A tissue biobanking service is provided under the direction of Prof Elaine Kay and Dr. Tony O’Grady. This biobank comprises fresh frozen and formalin-fixed tumour and normal breast, colon, prostate and skin tissue samples. An important aim of the tissue biobank is to ensure the availability of high quality, well annotated tissue specimens for research. It underpins ongoing and future translational research projects.

The cancer biobank is managed by clinical research nurse, Joan Kehoe. Her role currently encompasses screening patients for involvement in our studies in the Gastro Intestinal clinic and following them through to surgery. Clinico-pathological data including tumour grade, stage, and vascular invasion status along with disease specific survival data has been collected prospectively is also maintained by the Clinical Research Nurse.

A recent project carried out by the   “Centres for Research Training – Genomics Data Science” CRT-GDS and work was done by
Batuhan Kisakol, PhD ( Completed October 2024).
Project Title
 “Utilising a multi-omics approach to profile tumour heterogeneity in colorectal cancer: Integrating bulk, spatial, single-cell transcriptome, and multiplexed imaging datasets to investigate characteristics of molecular subtypes with treatment responses in colorectal cancer. “
A description of the type of tissue used in the project?
Colorectal cancer TMAs, full-face section.
How the biobank tissue, is being used; links/webpages linked to the project
Use of the tissues (included two recent in-house works, one already published):
Colorectal cancer tissues were analysed with spatial omics platforms to understand tumour heterogeneity and treatment response.
  • Investigating hypoxia-driven spatial patterns in CMS2 tumours. It aims to utilize the GeoMX DSP platform to identify hypoxia-related gene expression patterns in CMS2 tumours, hypothesising that hypoxia may contribute to metabolic reprogramming and distinct cellular differentiation states within these tumours.
  • “Spatial transcriptomic analysis reveals local effects of intratumoral fusobacterial infection on DNA damage and immune signaling in rectal cancer” link to Bill’s fuso study published: https://doi.org/10.1080/19490976.2024.2350149

Below is information on Dr Barry McGuire MD student 

Project Title

”Immunogenicity in mucinous rectal adenocarcinoma”

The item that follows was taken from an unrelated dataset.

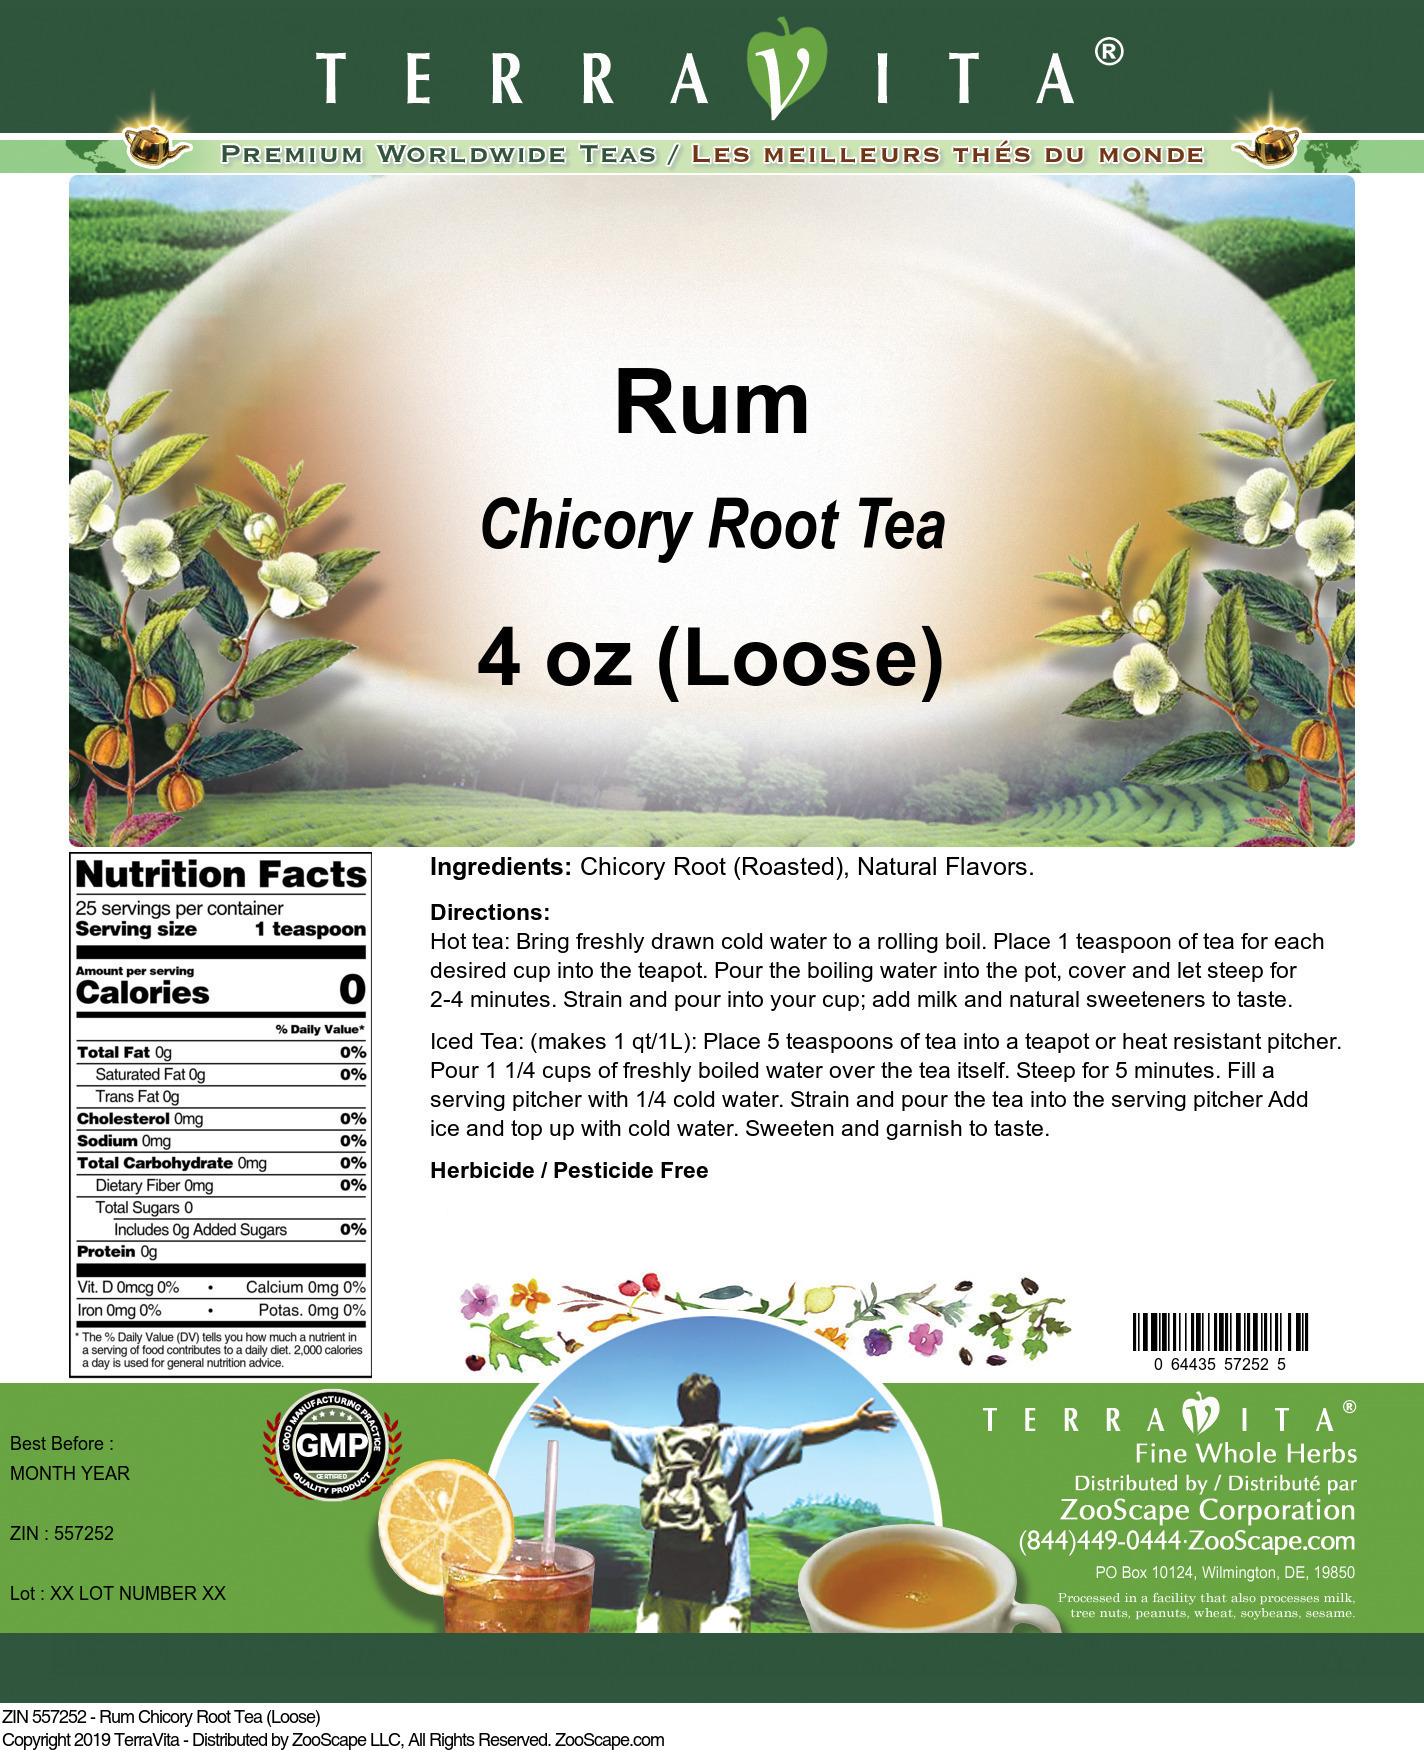 Rum Chicory Root Tea (Loose)

A description of the type of tissue used in the project?

My project uses both mucinous and non-mucinous colorectal FFPE tissue from the RCSI Biobank

How the biobank tissue, is being used; links/webpages linked to the project: Fusobacteria have been associated with altered prognosis in colorectal cancer and this is hypothesised to relate in part to alterations in the immune microenvironment. My project aims to characterise the local effects of Fusobacteria on mucinous colorectal cancer. To study this, we have retrieved and cut colorectal cancer tumour specimens which have been mounted onto slides. Using multiplexed immunohistochemistry and confocal imaging to label Fusobacteria as well as proteins of interest, we study the immune environment associated with Fusobacteria.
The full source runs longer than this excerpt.